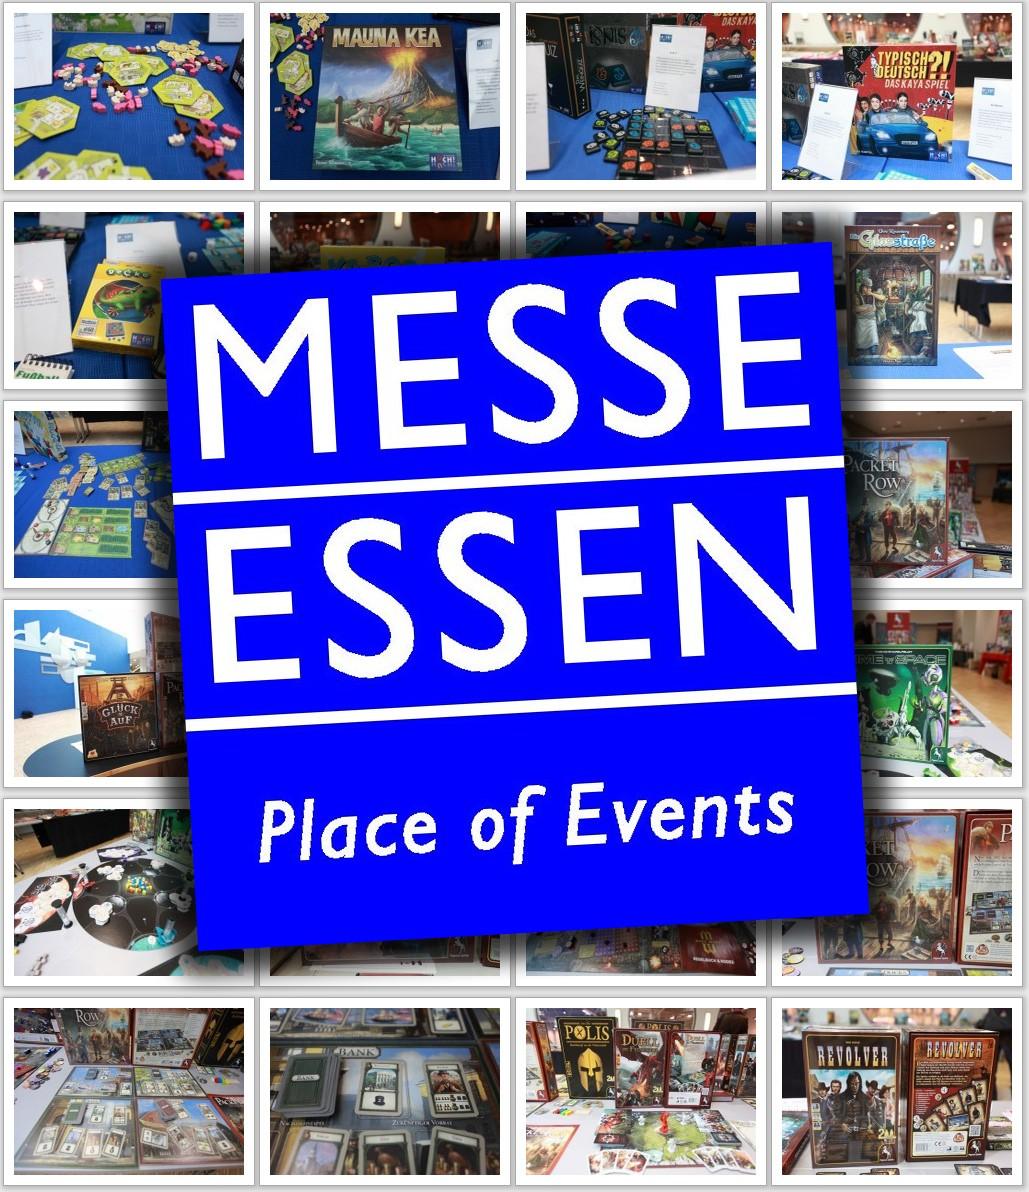 Essen 2013 : le Show Room
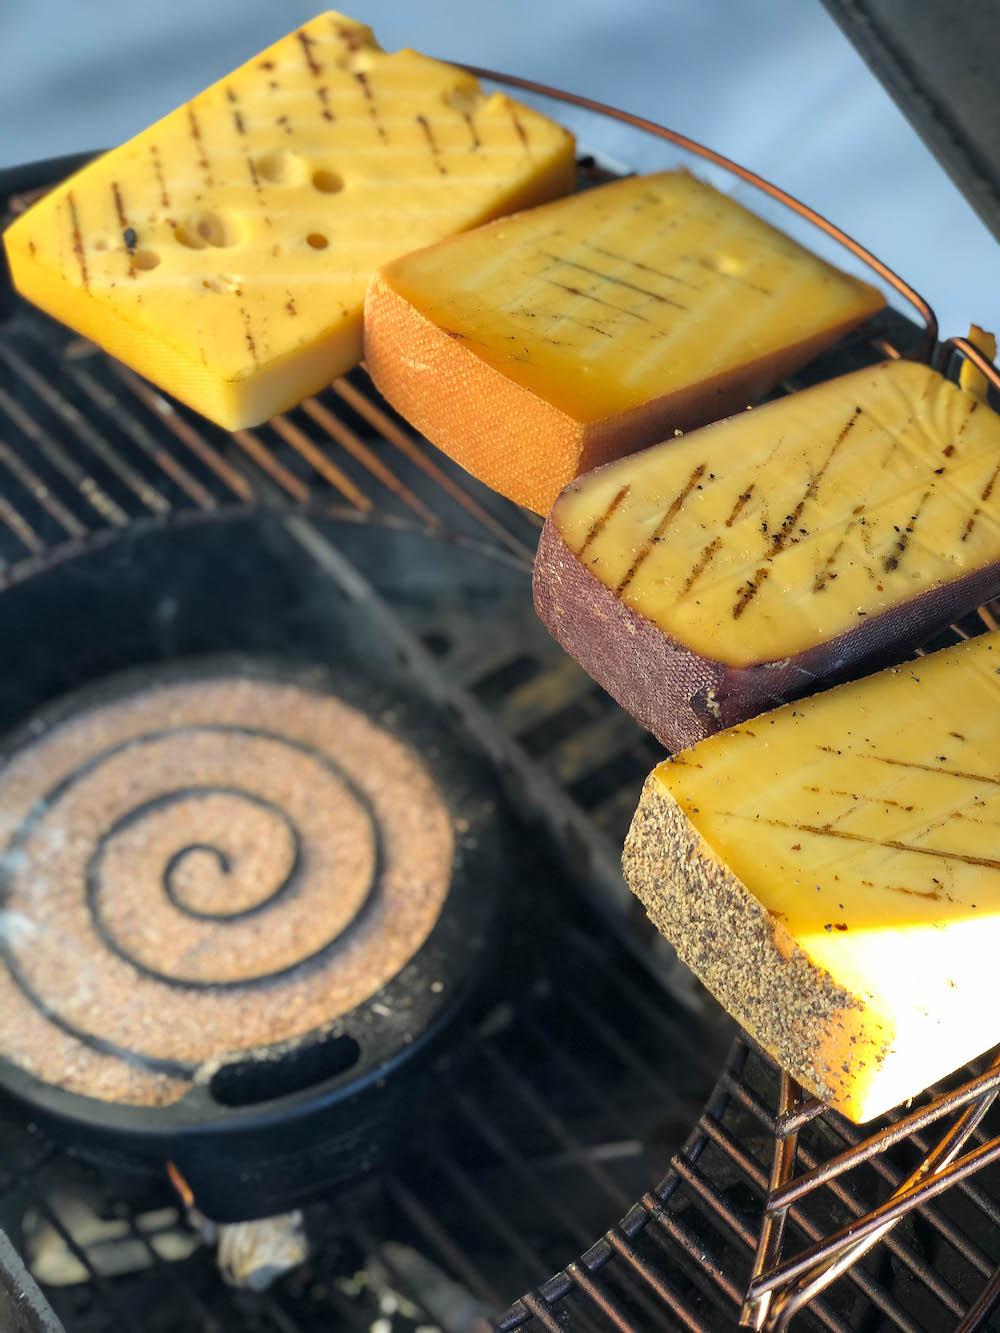 Der Kaltraucherzeuger im Einsatz beim Käse räuchern
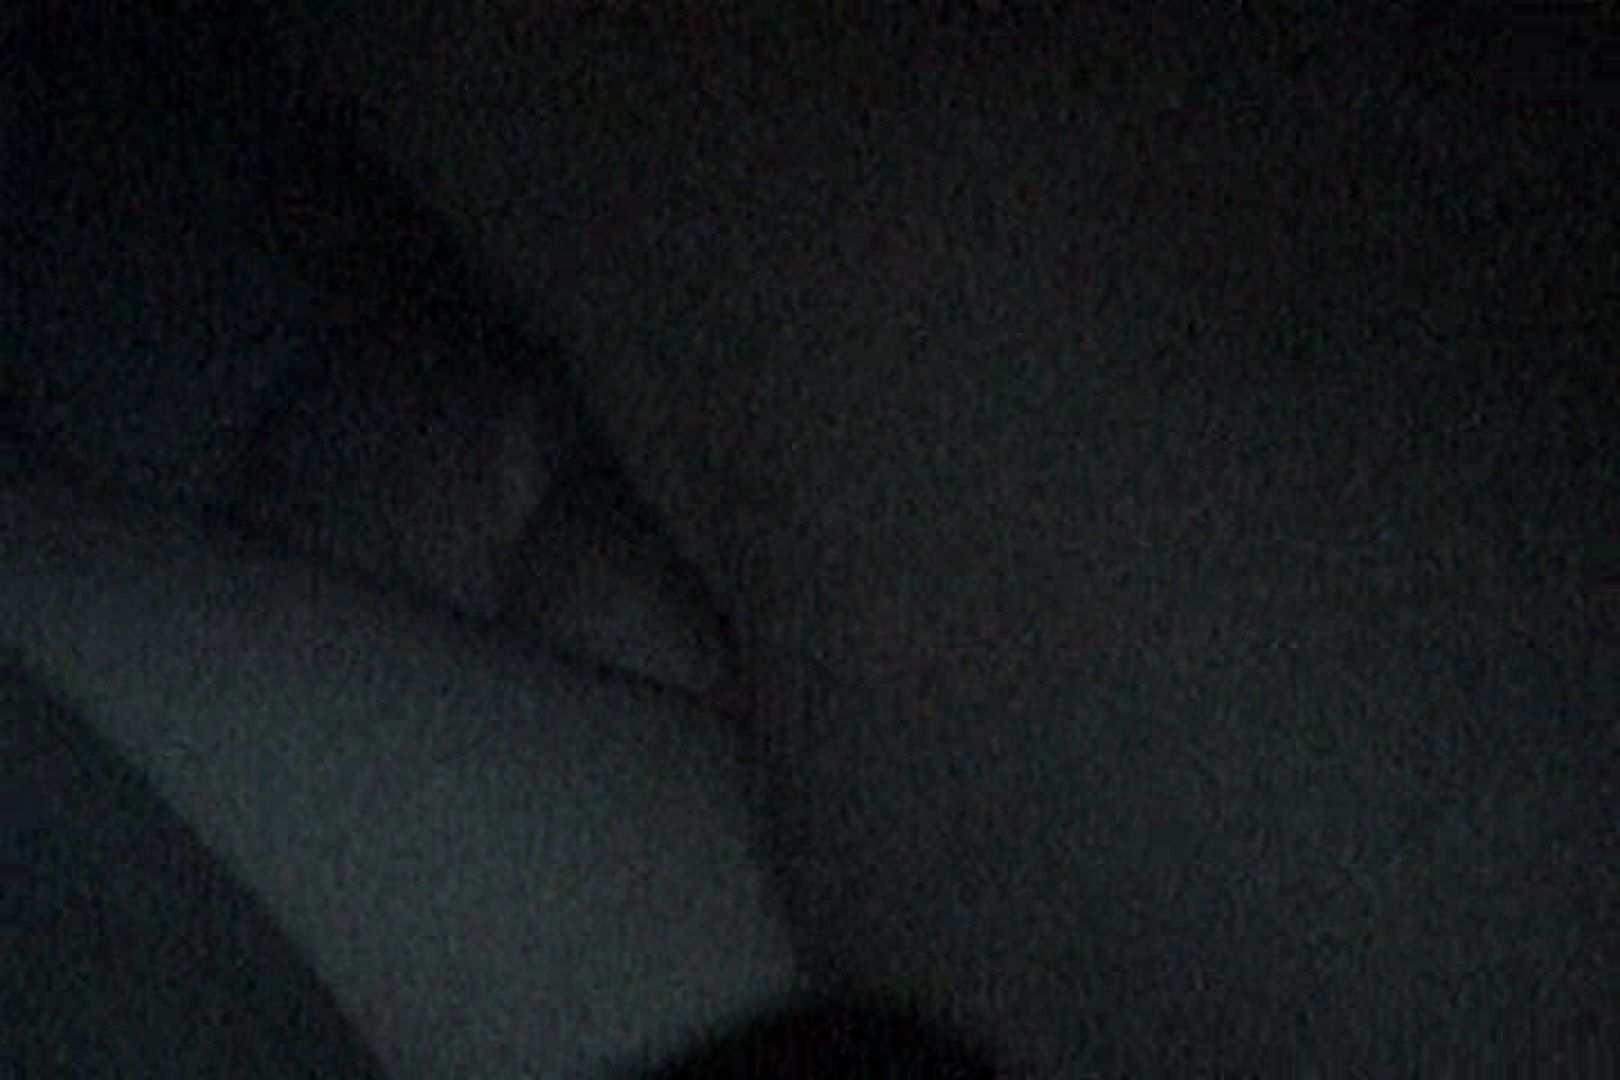 充血監督の深夜の運動会Vol.148 エロティックなOL  88画像 21
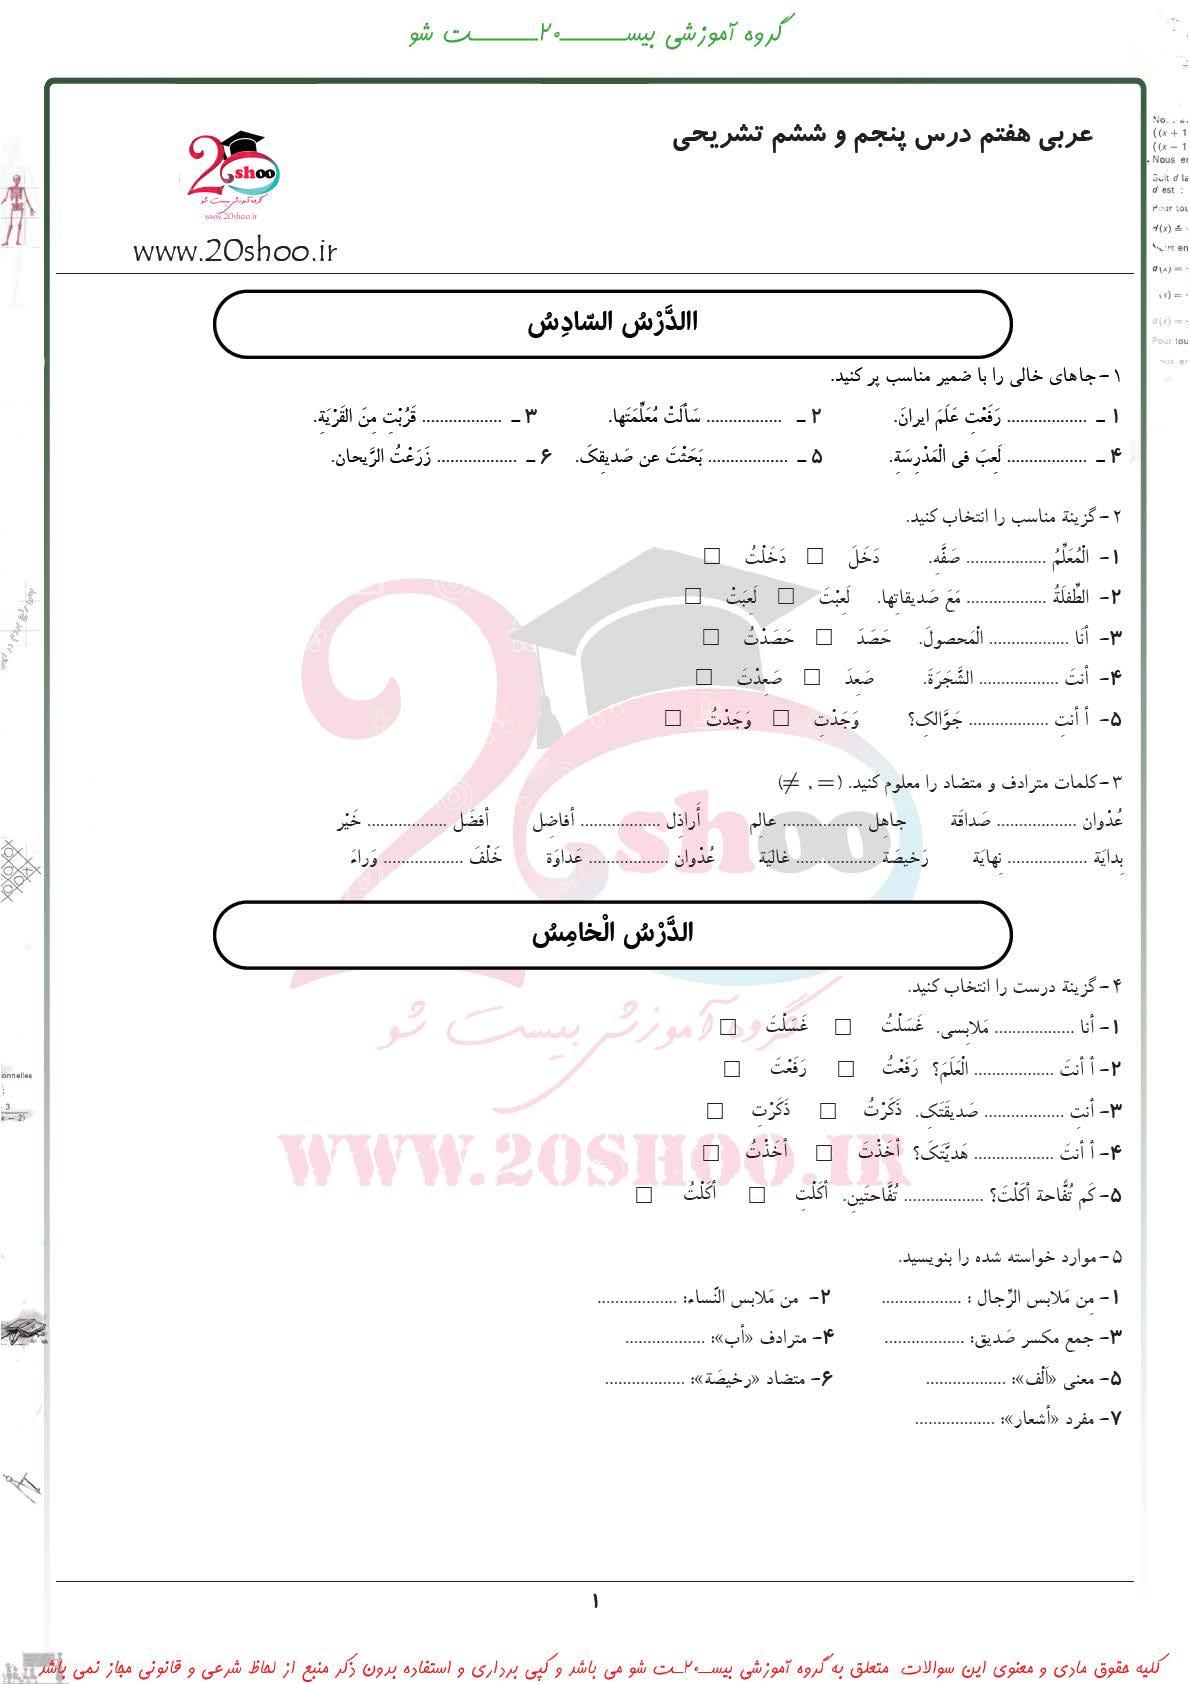 سوالات تشریحی عربی هفتم فصل 5 و 6

What needs to be done:
After locating the line that holds "Der Kaltraucherzeuger im", output exactly the lines from it through the last line of the material above, inclusive, without pictures.

Solution to this task:
 Der Kaltraucherzeuger im Einsatz beim Käse räuchern
 充血監督の深夜の運動会Vol.148 エロティックなOL  88画像 21
 سوالات تشریحی عربی هفتم فصل 5 و 6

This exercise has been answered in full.